Robert Treviño (born 1984) is a Mexican-American conductor. He is currently music director of the Basque National Orchestra in Spain, principal guest conductor of the Orchestra Sinfonica Nazionale della RAI, and artistic advisor of the Malmö Symphony Orchestra in Sweden.

Biography
Treviño, who is Mexican American, grew up in the Fort Worth, Texas region, specifically in North Richland Hills, Texas.  As a youth, Treviño studied the bassoon.  Treviño attended the University of Texas at Arlington, where he studied conducting and formed his own orchestra. He then subsequently attended Roosevelt University, where his teachers included David McGill.

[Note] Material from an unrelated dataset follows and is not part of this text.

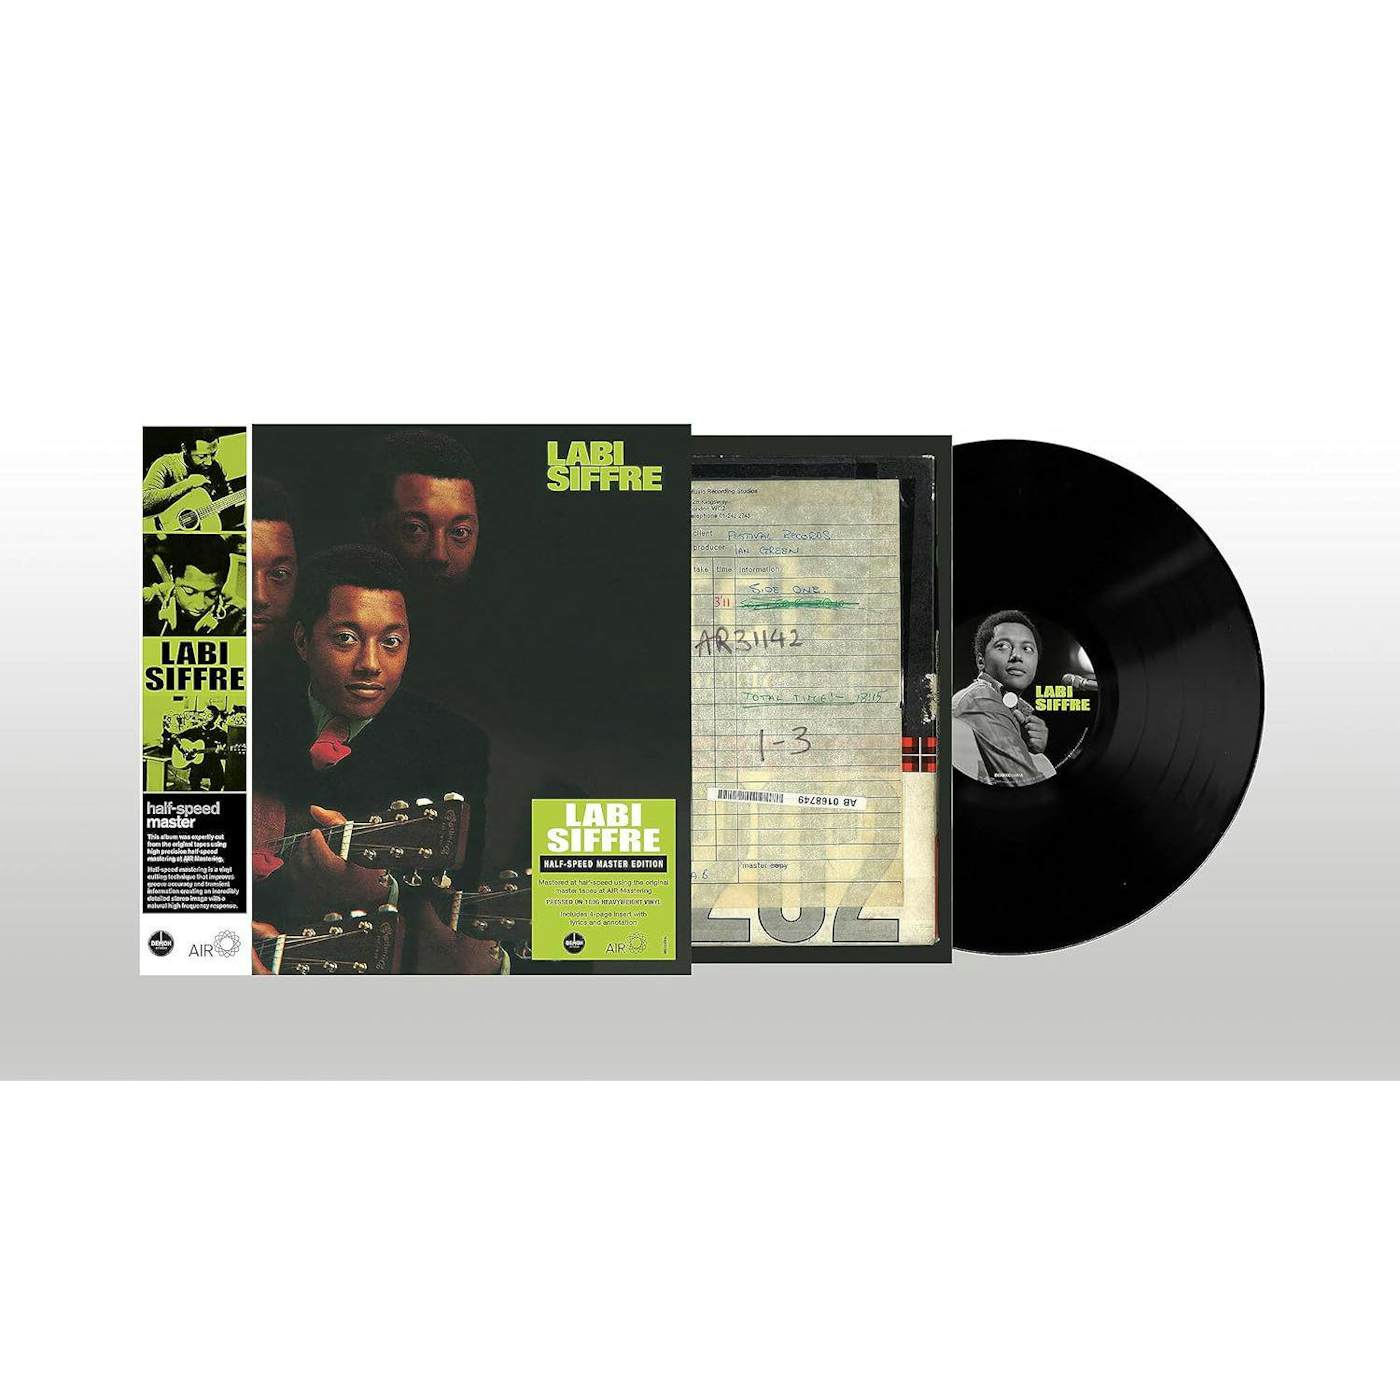  Labi Siffre (180 Gram/Half-Speed Master Black) Vinyl Record

Treviño's conducting mentors have included Leif Segerstam, Kurt Masur, Michael Tilson Thomas, and David Zinman.  He made his professional debut as a conductor in 2003 at the age of 20 in Wuppertal, Germany.  In 2010, Treviño won the James Conlon Prize for Excellence in Conducting at the Aspen Music Festival and School.

From 2009 to 2011, Treviño was associate conductor for the New York City Opera.  He was then associate conductor at the Cincinnati Symphony Orchestra (CSO) from 2011 to 2015.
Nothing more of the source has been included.